### Task objective:
Go through the data and retrieve each line that includes the string "Images".

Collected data
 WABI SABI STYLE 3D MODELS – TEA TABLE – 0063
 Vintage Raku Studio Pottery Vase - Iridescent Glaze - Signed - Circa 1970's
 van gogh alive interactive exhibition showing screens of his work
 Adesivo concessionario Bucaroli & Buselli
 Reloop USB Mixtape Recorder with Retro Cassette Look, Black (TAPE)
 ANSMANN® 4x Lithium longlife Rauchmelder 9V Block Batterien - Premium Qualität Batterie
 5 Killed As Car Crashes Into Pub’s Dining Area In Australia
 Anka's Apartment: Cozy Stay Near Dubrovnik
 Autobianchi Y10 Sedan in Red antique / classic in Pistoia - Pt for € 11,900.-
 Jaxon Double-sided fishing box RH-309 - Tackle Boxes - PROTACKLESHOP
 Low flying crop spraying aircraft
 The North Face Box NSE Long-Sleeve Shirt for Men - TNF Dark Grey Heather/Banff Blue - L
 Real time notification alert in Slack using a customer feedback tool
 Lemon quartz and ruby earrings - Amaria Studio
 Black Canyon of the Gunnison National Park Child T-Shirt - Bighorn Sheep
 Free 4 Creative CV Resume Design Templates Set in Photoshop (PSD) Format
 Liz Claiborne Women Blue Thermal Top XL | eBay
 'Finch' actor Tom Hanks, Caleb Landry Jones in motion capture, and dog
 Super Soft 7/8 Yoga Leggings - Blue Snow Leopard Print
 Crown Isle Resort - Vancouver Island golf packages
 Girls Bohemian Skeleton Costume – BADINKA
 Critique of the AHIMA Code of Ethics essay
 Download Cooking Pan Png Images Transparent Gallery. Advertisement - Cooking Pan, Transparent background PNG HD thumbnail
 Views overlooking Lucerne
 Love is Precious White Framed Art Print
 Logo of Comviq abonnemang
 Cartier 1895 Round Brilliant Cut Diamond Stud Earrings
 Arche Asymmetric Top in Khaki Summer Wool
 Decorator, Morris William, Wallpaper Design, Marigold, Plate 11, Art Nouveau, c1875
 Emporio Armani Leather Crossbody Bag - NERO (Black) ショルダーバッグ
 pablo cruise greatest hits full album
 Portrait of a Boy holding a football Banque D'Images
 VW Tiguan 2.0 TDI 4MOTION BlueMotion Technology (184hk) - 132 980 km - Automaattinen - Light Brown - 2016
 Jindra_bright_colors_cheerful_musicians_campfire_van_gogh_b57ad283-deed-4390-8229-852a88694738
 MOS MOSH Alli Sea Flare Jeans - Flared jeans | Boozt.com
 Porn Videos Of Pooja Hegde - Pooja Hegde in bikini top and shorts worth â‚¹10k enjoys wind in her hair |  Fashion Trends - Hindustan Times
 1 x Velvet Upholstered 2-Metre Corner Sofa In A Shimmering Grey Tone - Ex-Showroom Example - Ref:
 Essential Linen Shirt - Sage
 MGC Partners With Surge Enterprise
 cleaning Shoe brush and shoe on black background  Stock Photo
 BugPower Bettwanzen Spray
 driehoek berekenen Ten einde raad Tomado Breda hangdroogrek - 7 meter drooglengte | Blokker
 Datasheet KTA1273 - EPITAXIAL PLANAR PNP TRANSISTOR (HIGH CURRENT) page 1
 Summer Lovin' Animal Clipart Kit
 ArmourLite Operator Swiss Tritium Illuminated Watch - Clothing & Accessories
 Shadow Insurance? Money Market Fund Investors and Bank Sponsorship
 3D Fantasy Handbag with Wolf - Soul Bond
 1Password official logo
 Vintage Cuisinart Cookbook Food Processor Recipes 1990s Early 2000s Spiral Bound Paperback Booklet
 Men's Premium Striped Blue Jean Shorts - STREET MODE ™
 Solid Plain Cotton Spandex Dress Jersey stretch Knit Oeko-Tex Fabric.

### Answer section:
 Download Cooking Pan Png Images Transparent Gallery. Advertisement - Cooking Pan, Transparent background PNG HD thumbnail
 Portrait of a Boy holding a football Banque D'Images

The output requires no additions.